Tim Steele, a Partner with Palmers who specialises in legal matters relating to Older Client Care, said: “The programme highlighted the significant difficulties that many people face when trying to apply for care funding.
“The system draws an unclear distinction between health care needs and social care needs and the complex assessment process is intended to weigh up the balance between these two different types of need in order to determine whether or not a person has a primary need for health care services (‘a primary health need’). If you do not have a primary health need then NHS will not meet the cost of your care (although, in some instances, they may make a modest contribution towards the cost of your care where it is clear that you have a regular need for nursing services) and, subject to a financial assessment undertaken by the Local Authority, you may need to meet the cost of that care in full.
“If, following an assessment for NHS funding, it is concluded that you have a primary health need, then you will not pay any fees for your care at all. This is the case, regardless of what wealth you may have and is referred to as Continuing Healthcare (CHC) funding.
“However, to be frank, it is not in the interests of the CCG for anyone to be awarded CHC funding. CCGs have budgets and their resources are constantly under pressure.
“As a result, entitlement to CHC is not actively promoted and many people do not know that their relatives might in fact be entitled to CHC.
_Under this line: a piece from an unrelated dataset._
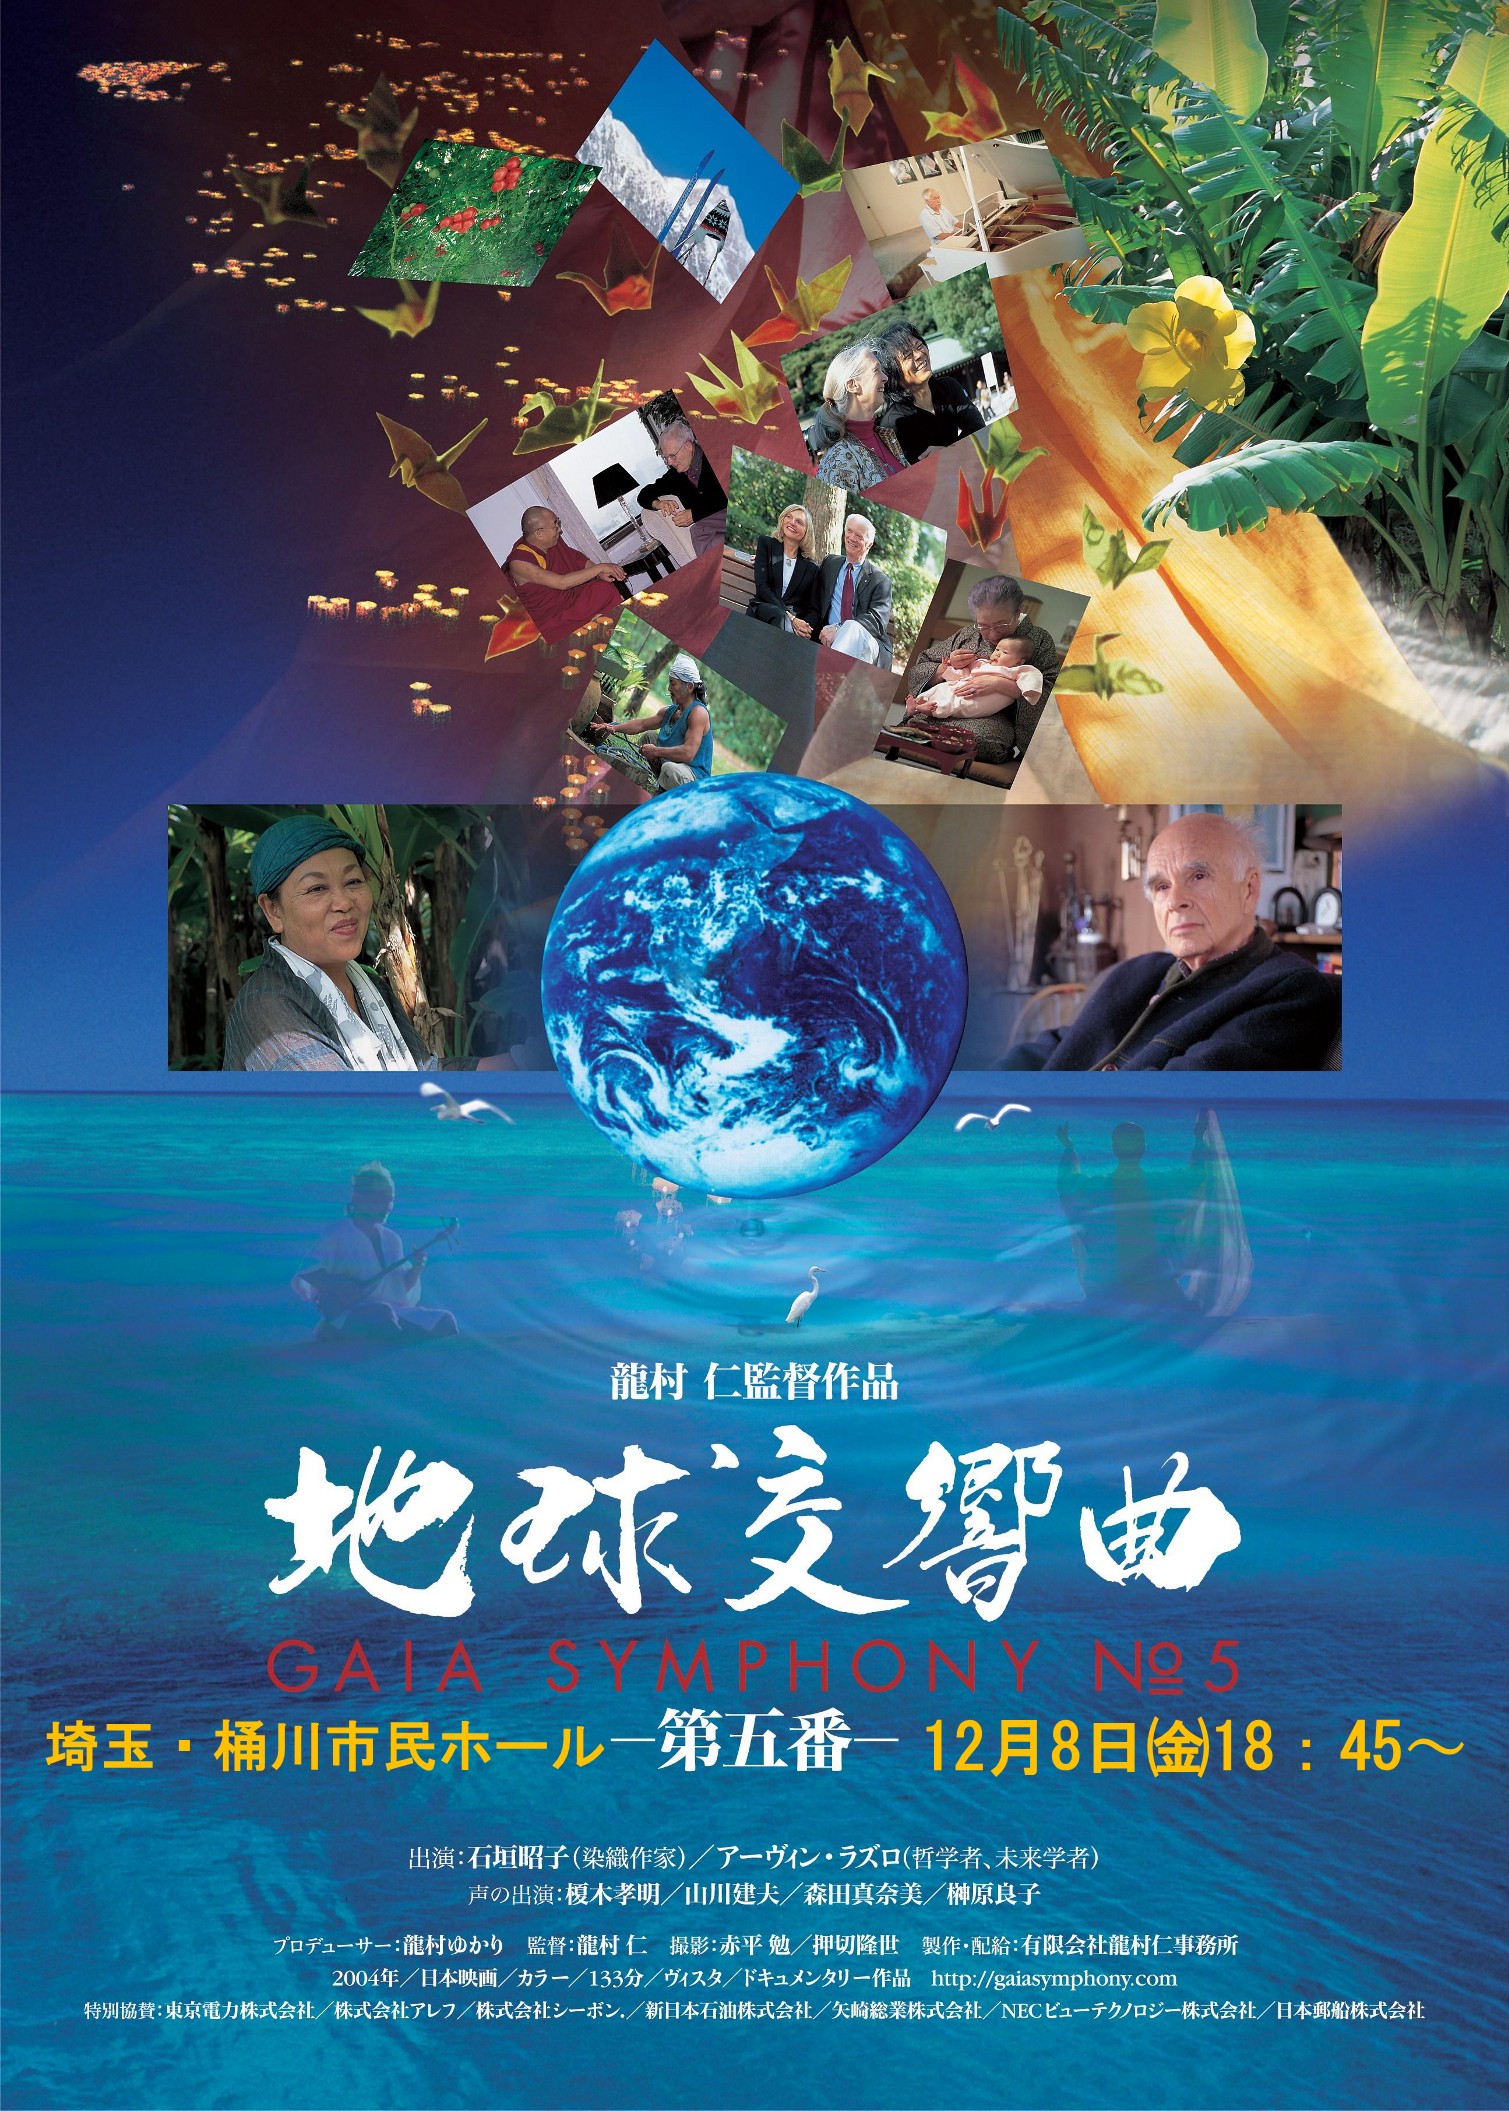 地球交響曲(ガイアシンフォニー) 1-6番セット - DVD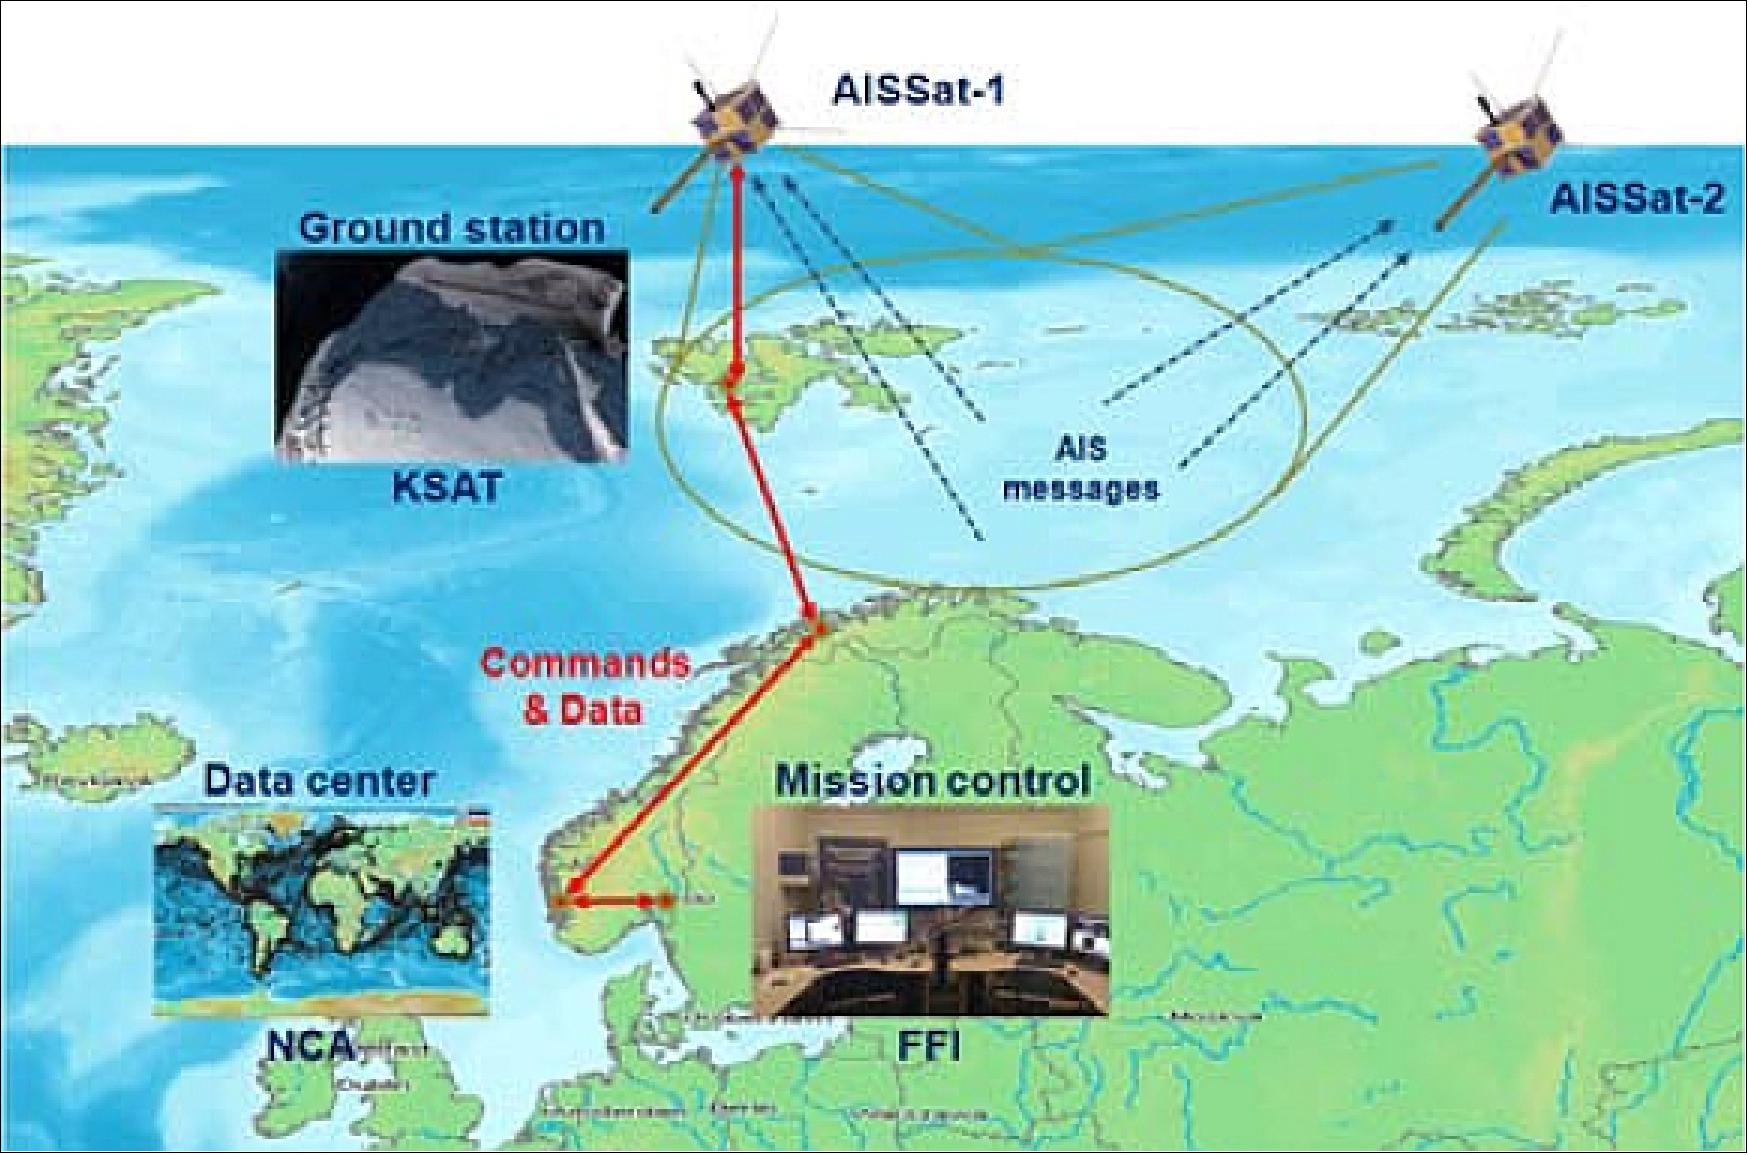 Figure 23: AISSat-1 mission architecture (image credit: FFI, Ref. 34)

“To further complicate matters, there are a number of companies who are taking advantage of the current situation by mis-selling expensive trusts as a ‘guaranteed’ method of avoiding having to pay for care, with people often being persuaded into signing up to such schemes without understanding all the implications.
“Care funding can be a minefield but as this programme demonstrated, CHC funding decisions can be successfully challenged. Specialist advice from a qualified solicitor can be of significant assistance and is best sought at the earliest stage possible.”